GPU Bootcamps are designed to help build confidence in Accelerated Computing and eventually prepare developers to enroll for Hackathons

This repository consists of GPU bootcamp material for HPC, AI and convergence of both:

  • HPC :: The bootcamp content focuses on how to follow the Analyze, Parallelize and Optimize Cycle to write parallel codes using different parallel programming models accelerating HPC simulations.
Lab Description
N-Ways This Bootcamp will cover multiple GPU programming models and choose the one that best fits your needs. The material supports different programming langauges including C ( CUDA C, OpenACC C, OpenMP C, C++ stdpar ), Fortran ( CUDA Fortran, OpenACC Fortran, OpenMP Fortran, ISO DO CONCURRENT ) Python ( Numba, CuPy )
OpenACC The Bootcamp will cover how to write portable parallel program that can run on multicore CPUs and accelerators like GPUs and how to apply incremental parallelization strategies using OpenACC
Multi GPU Programming Model This bootcamp will cover scaling applications to multiple GPUs across multiple nodes.
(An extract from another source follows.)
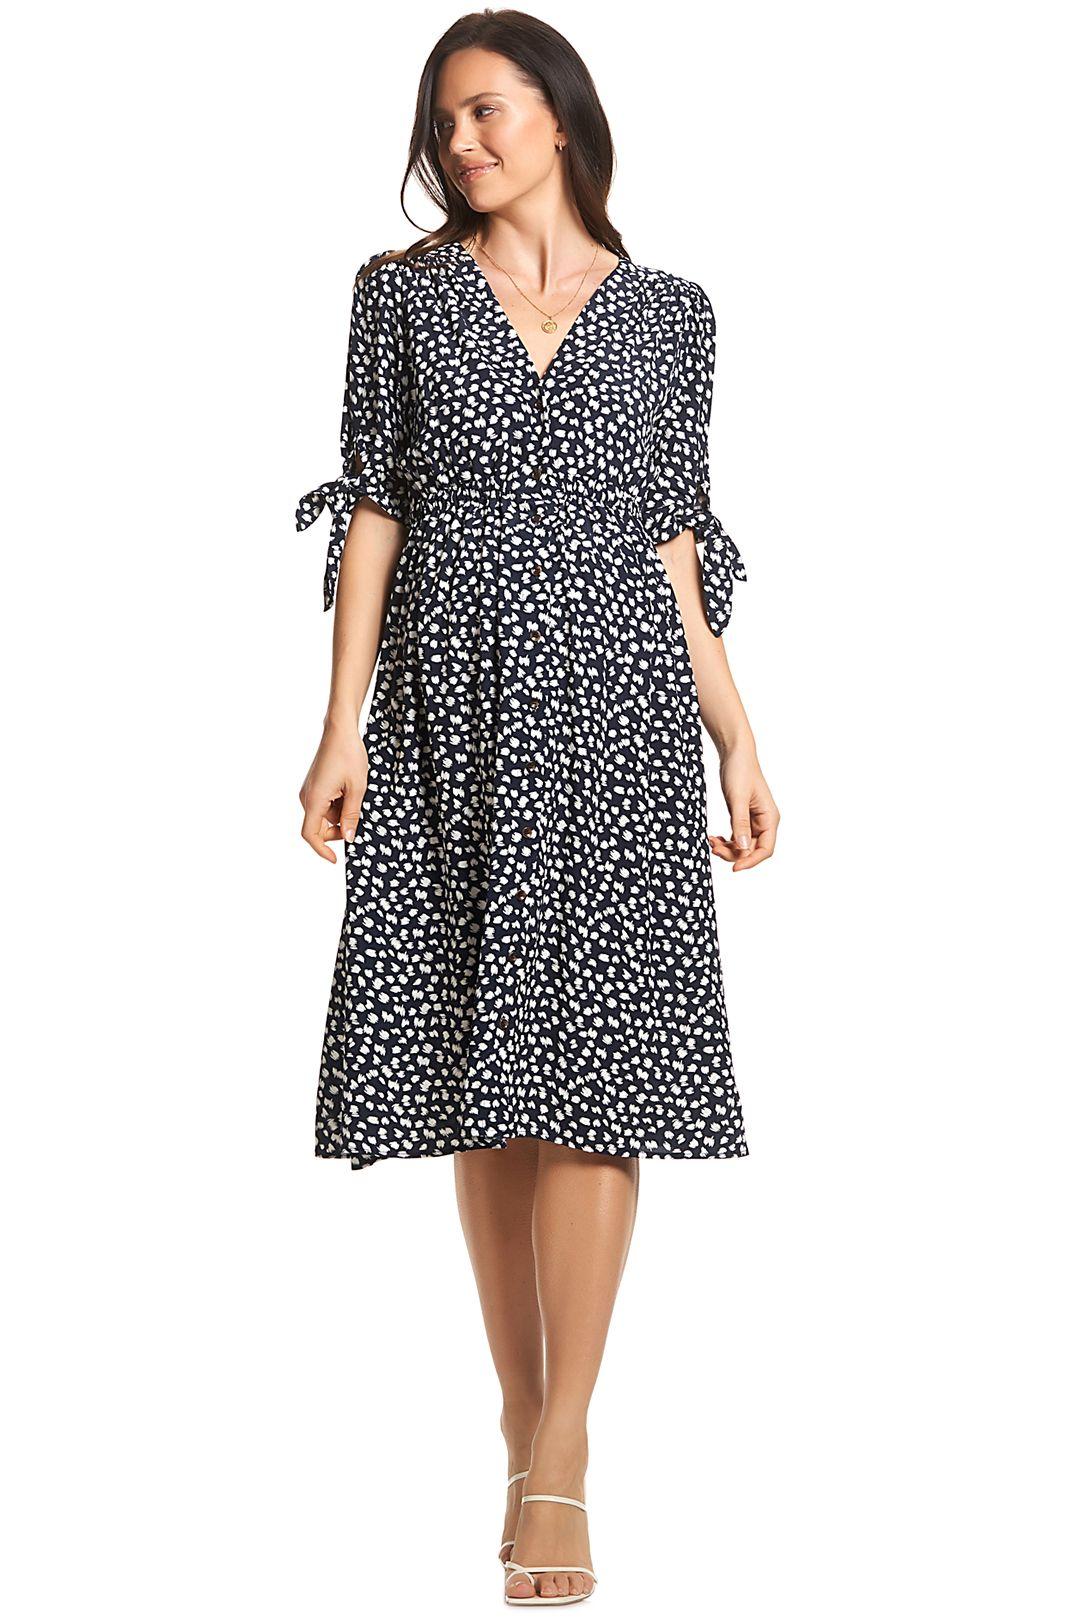 Soon-Maternity-Zippi-Dress-Navy-Speck-Front2

Moreover, understanding of the underlying technologies and communication topology will help us utilize high-performance NVIDIA libraries to extract more performance out of the system
  • Convergence of HPC and AI :: The bootcamp content focuses on how AI can accelerate HPC simulations by introducing concepts of Deep Neural Networks, including data pre-processing, techniques on how to build, compare and improve accuracy of deep learning models.
Lab Description
Weather Pattern Recognition This Bootcamp will introduce developers to fundamentals of AI and how data driven approach can be applied to Climate/Weather domain
CFD Flow Prediction This Bootcamp will introduce developers to fundamentals of AI and how they can be applied to CFD (Computational Fluid Dynamics)
PINN This Bootcamp will introduce developers to fundamentals of using Physics Informed Neural Network and how they can be applied to different scientific domains using Nvidia SimNet
  • AI:: The bootcamp content focuses on using popular accelerated AI frameworks and using optimization techniques to get max performance from accelerators like GPU.
Lab Description
Accelerated Intelligent Video Analytics Learn how Nvidia DeepStream SDK can be used to create optimized Intelligent Video Analytics (IVA) pipeline. Participants will be exposed to the building blocks for creating IVA pipeline followed by profiling exercise to identify hotspots in the pipeline and methods to optimize and get higher throughput
Accelerated Data Science Learn how RAPIDS suite of open source software libraries gives you the freedom to execute end-to-end data science and analytics pipelines entirely on GPUs. Participants will be exposed to using libraries that can be easily integrated with the daily data science pipeline and accelerate computations for faster execution
Distributed Deep Learning This bootcamp will introduce participants to fundamentals of Distributed deep learning and give a hands-on experience on methods that can be applied to Deep learning models for faster model training

System Requirements

Each lab contains docker and singularity definition files. Follow the readme files inside each on how to build the container and run the labs inside it.

Contribution

  • The repository uses Apache 2.0 license. For more details on folder structure developers may refer to CONTRIBUTING.md file.
  • A project template for reference is located at Template

Authors and Acknowledgment

See Contributors for a list of contributors towards this Bootcamp.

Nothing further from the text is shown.